→ ASSIGNMENT
Using the listing below, set down exactly the lines from the one that contains "Belgium, Ghent, Ghent" through the one that contains "Freedom is the", with no pictures.

═══ DATASET ENTRIES

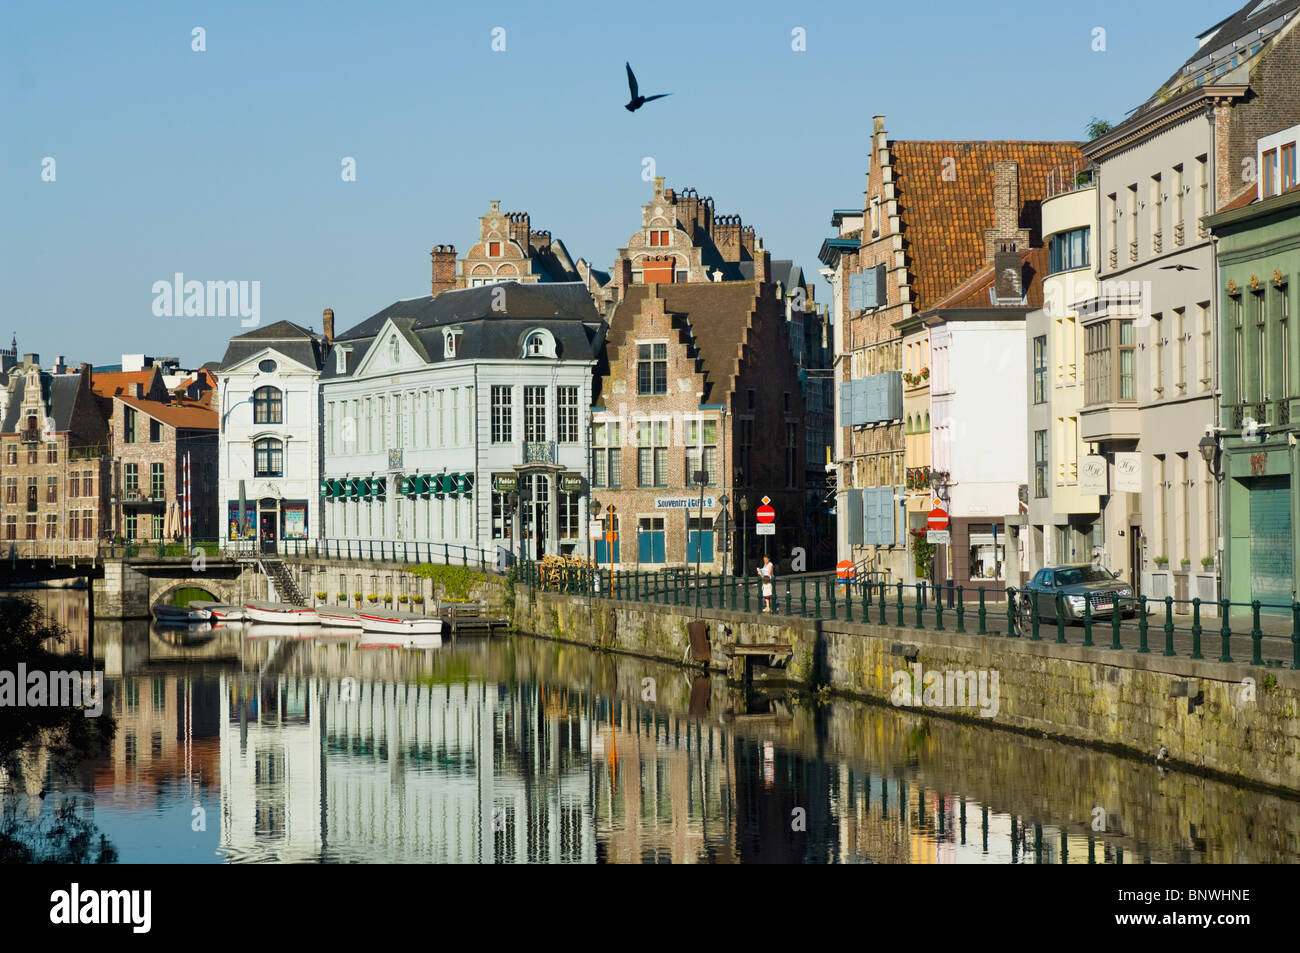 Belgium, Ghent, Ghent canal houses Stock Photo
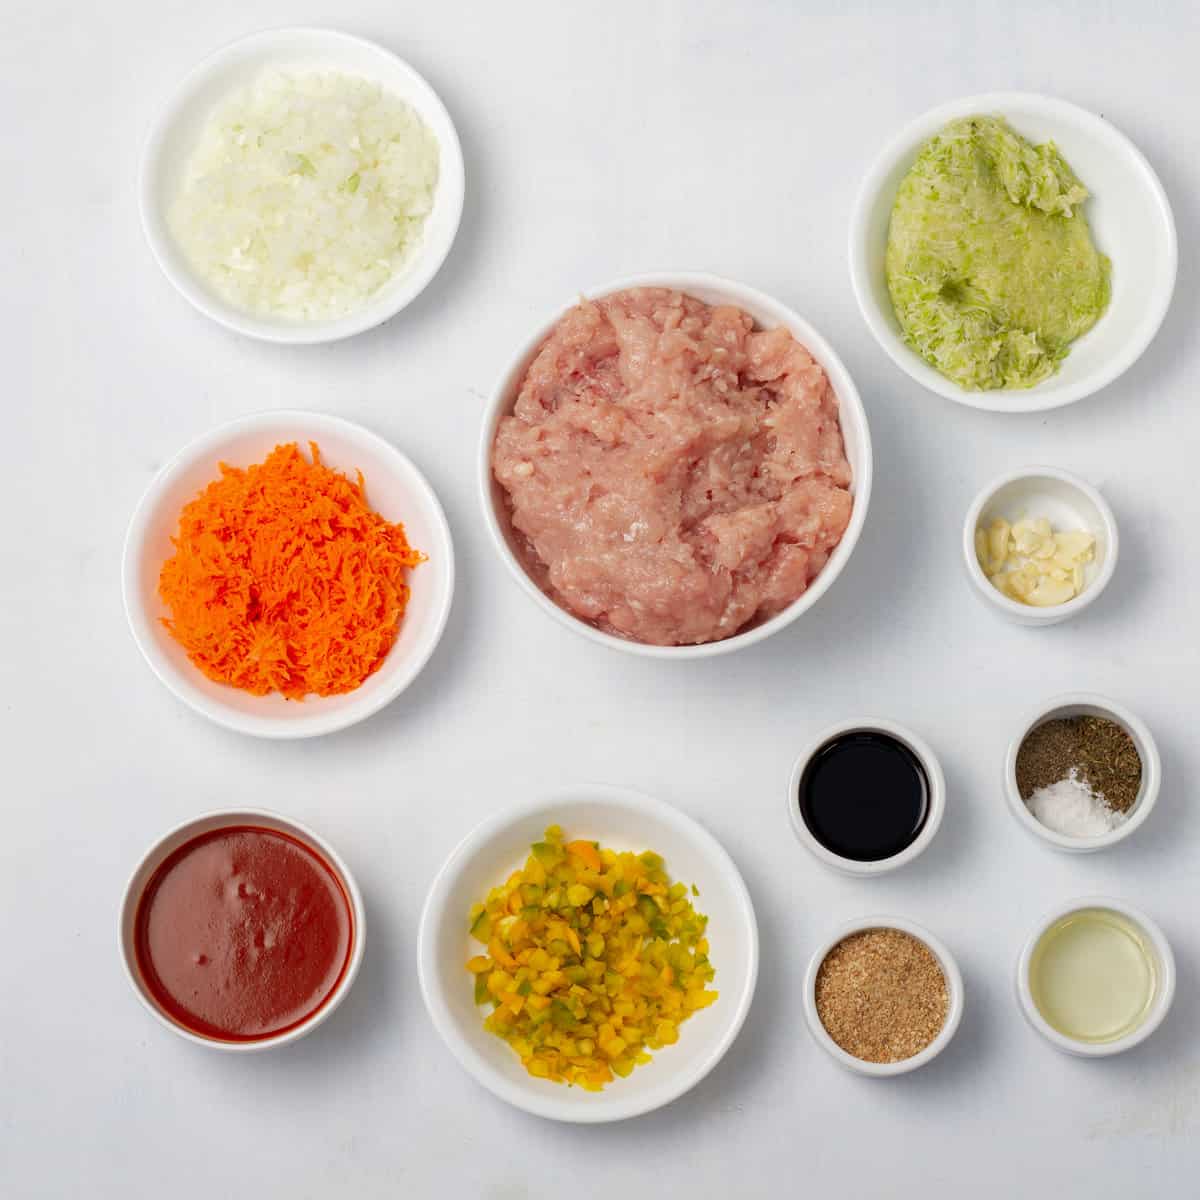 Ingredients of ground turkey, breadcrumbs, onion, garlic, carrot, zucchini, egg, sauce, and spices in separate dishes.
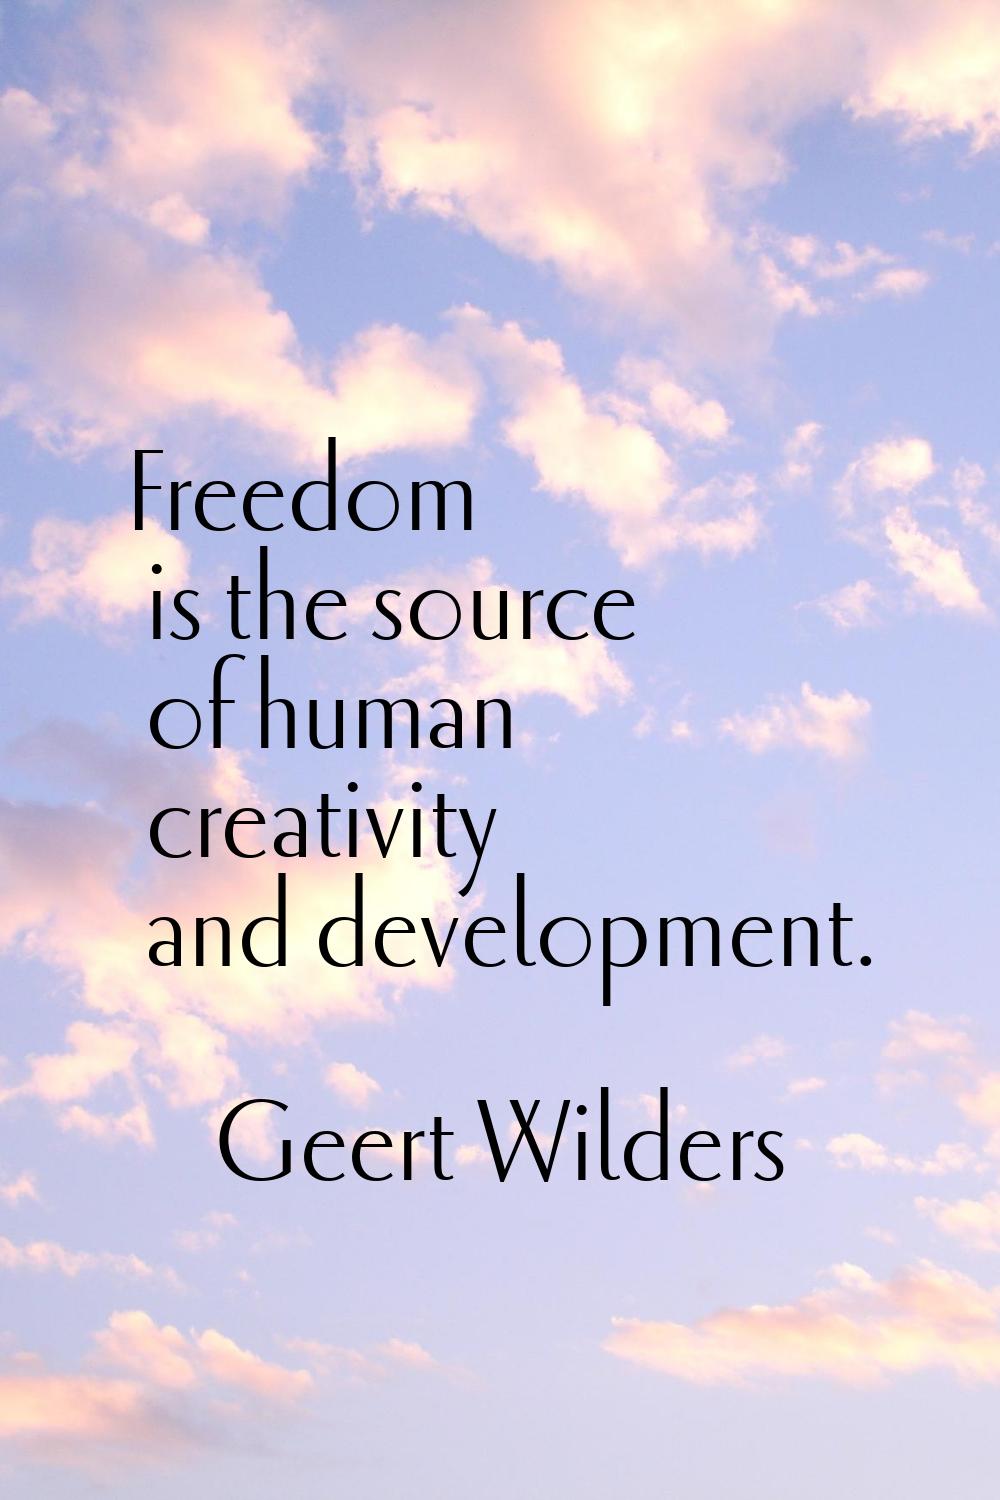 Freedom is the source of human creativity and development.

══════
═══ DATASET ENTRIES

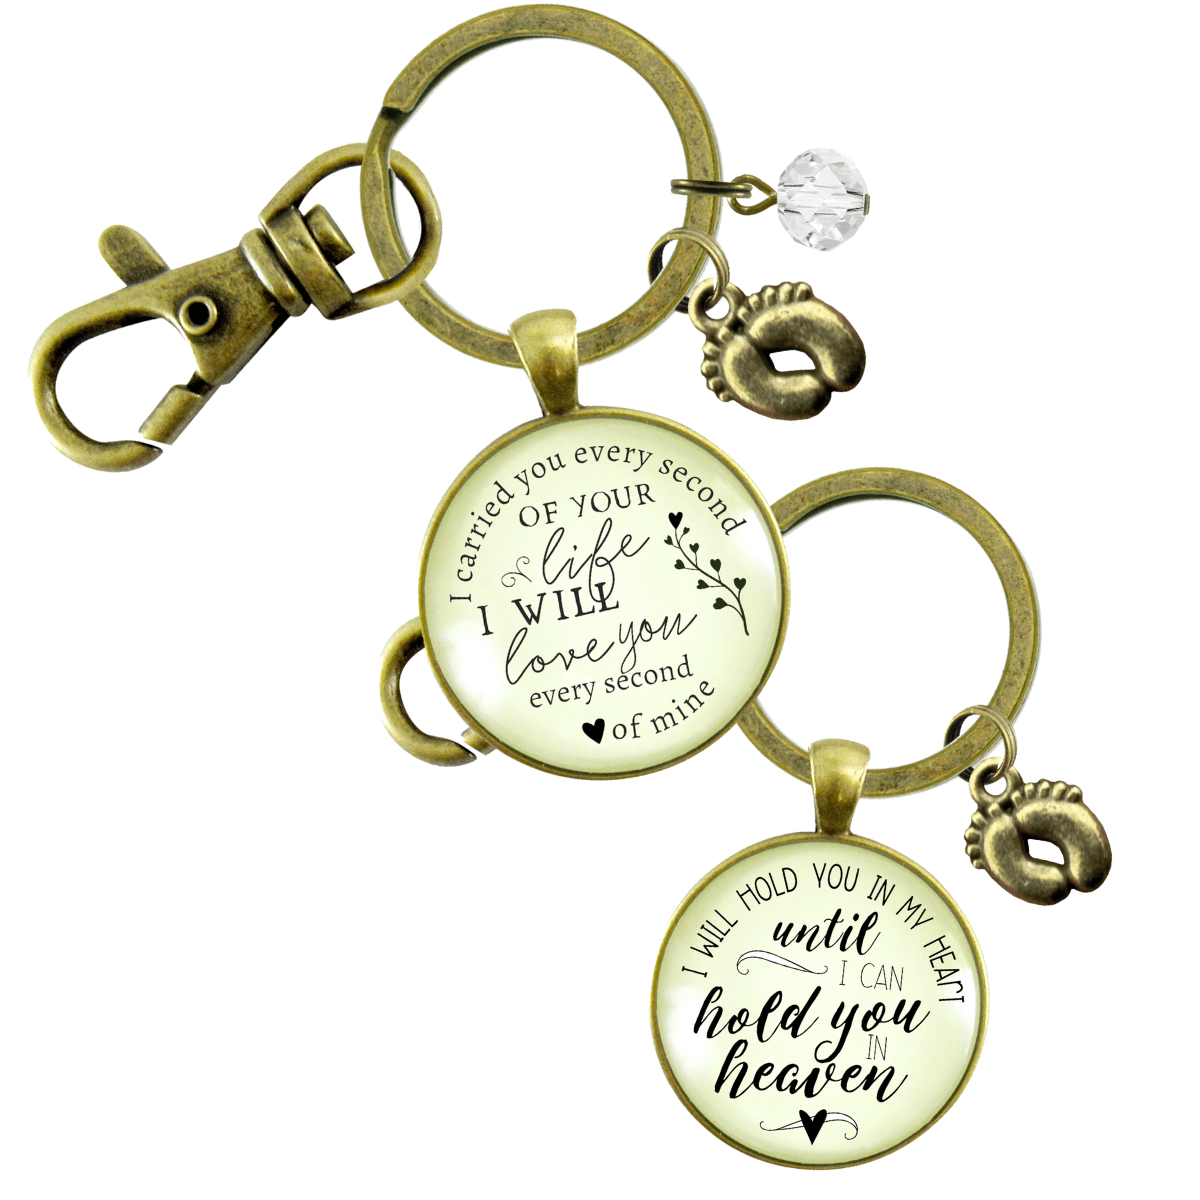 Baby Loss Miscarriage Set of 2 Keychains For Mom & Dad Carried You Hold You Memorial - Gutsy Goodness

══════
═══ DATASET ENTRIES

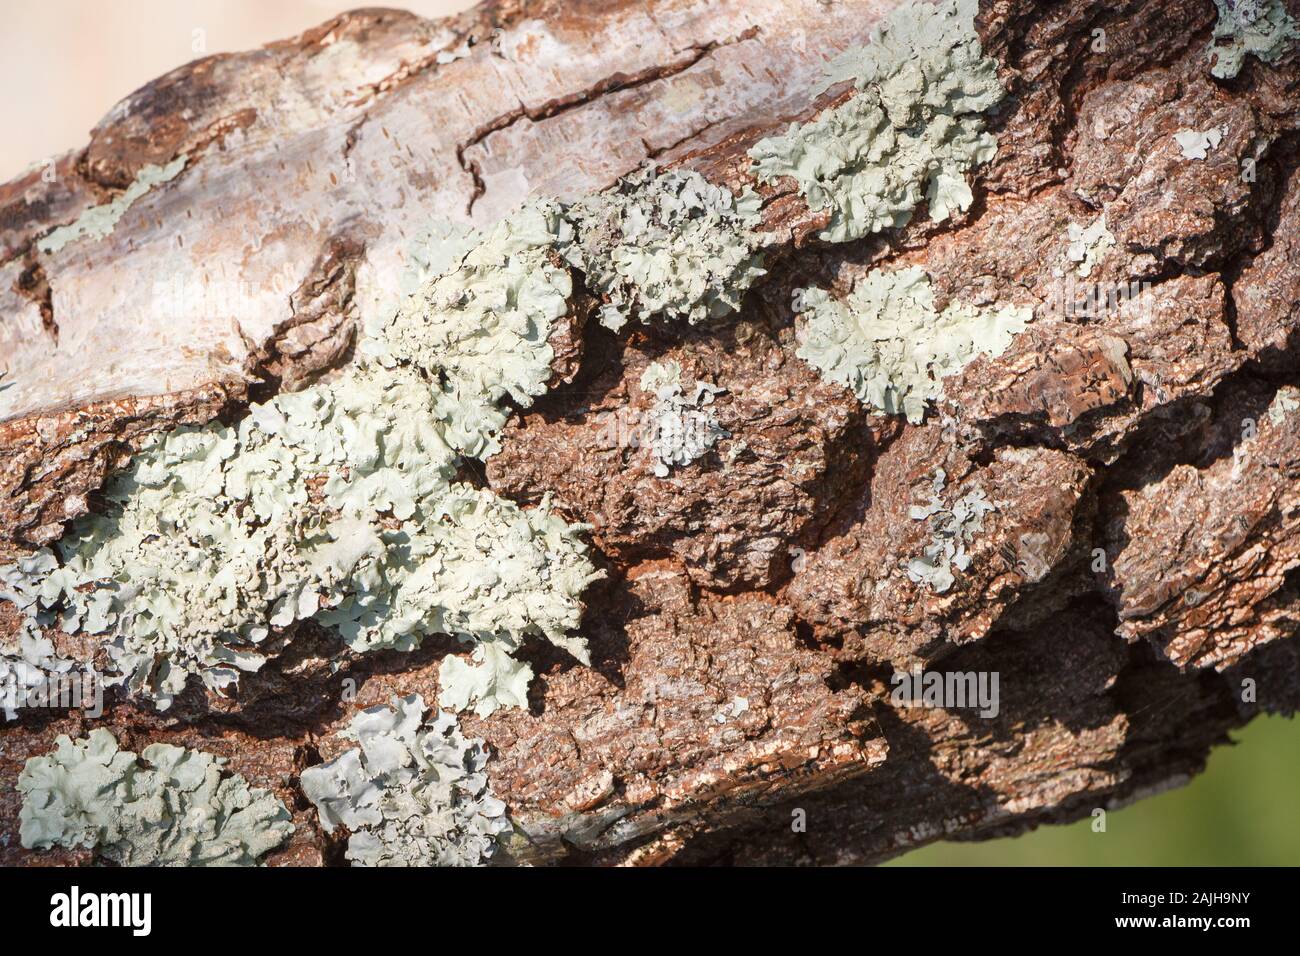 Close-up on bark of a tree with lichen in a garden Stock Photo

══════

→ TASK RESPONSE
 Belgium, Ghent, Ghent canal houses Stock Photo
 Ingredients of ground turkey, breadcrumbs, onion, garlic, carrot, zucchini, egg, sauce, and spices in separate dishes.
 Freedom is the source of human creativity and development.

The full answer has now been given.